Finding the center of an n-gon (circle) based on angle and side-length

[STENDEC]

I hope this is self-evident to someone, I'm struggling.

I have a program that draws circles (n-gons really) of various sizes, but by translating-rotating-translating-rotating-..., not by x=sin/y=cos. That works as intended, but my wish is to offset the circle so that its center is (0,0) in the coordinate system. For that i need its center. Currently the circle itself originates from- and hence touches the (0,0) coordinates, so its center is somewhere above, in the y-axis.

Position of ? is sought after. A wider angle would result in ? rising for instance.

I found lots of tutorials on how to do it on paper using dividers and i also considered that it's a isosceles triangle, but it seems all textbook examples assume that one of the symmetric sides is already known.

 

[jedishrfu]

you could use similar triangles and some trig to get the radius along the y-axis.
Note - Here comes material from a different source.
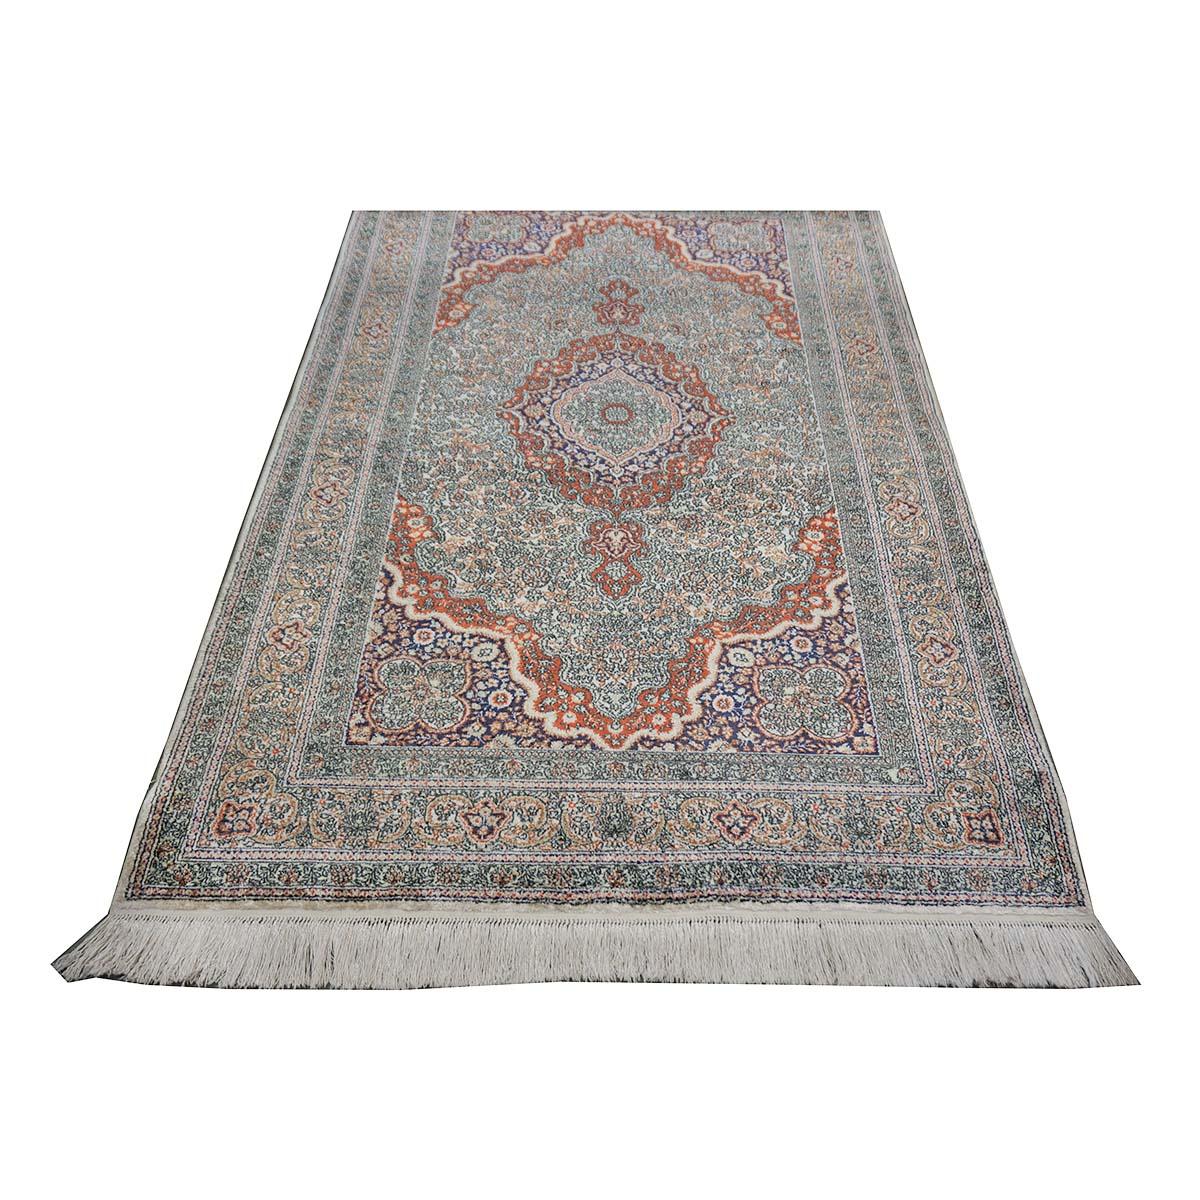  Ashly Fine Rugs presents a 1980s Vintage Sino-Persian Fine Silk Hereke 3x5 Handmade Rug. Sino-Persian rugs was the name given to the Persian-styled handmade rugs being produced by the Peoples Republic of China in the late 1980s when the US placed

Notice you can extend a perpendicular bisector from the first n-gon side which intersects the y-axis

so that 1/2 the n-gon side is the short edge the perpendicular creates the right angle and the y-axis is the hypotenuse.

This triangle is similar to the one formed by the n-gon edge and the x-axis.

So I get something like:

radius along y-axis = (1/2 n-gon side) / sin theta

 

[STENDEC]

you could use similar triangles and some trig to get the radius along the y-axis.

Yes, you're right. After some more reading and pondering i came to this solution:

\alpha = angle in degrees
s = segment length

To get the inner angle between the sides, we subtract from a half-circle. We then divide by two, to get the inner angle of the isosceles triangle:
\beta = (180 - \alpha) \div 2

degrees to radians:
\phi = \beta\times\frac\pi{180}

Distance to center point can then be gotten from s\div 2 * tan(\phi).

Edit: Just saw you extended your reply, oh well :)

 

[jedishrfu]

Yes, you're right. After some more reading and pondering i came to this solution:

\alpha = angle in degrees
s = segment length

To get the inner angle between the sides, we subtract from a half-circle. We then divide by two, to get the inner angle of the isosceles triangle:
\beta = (180 - \alpha) \div 2

degrees to radians:
\phi = \beta\times\frac\pi{180}

Distance to center point can then be gotten from s\div 2 * tan(\phi).

Edit: Just saw you extended your reply, oh well :)

Glad you figured it out.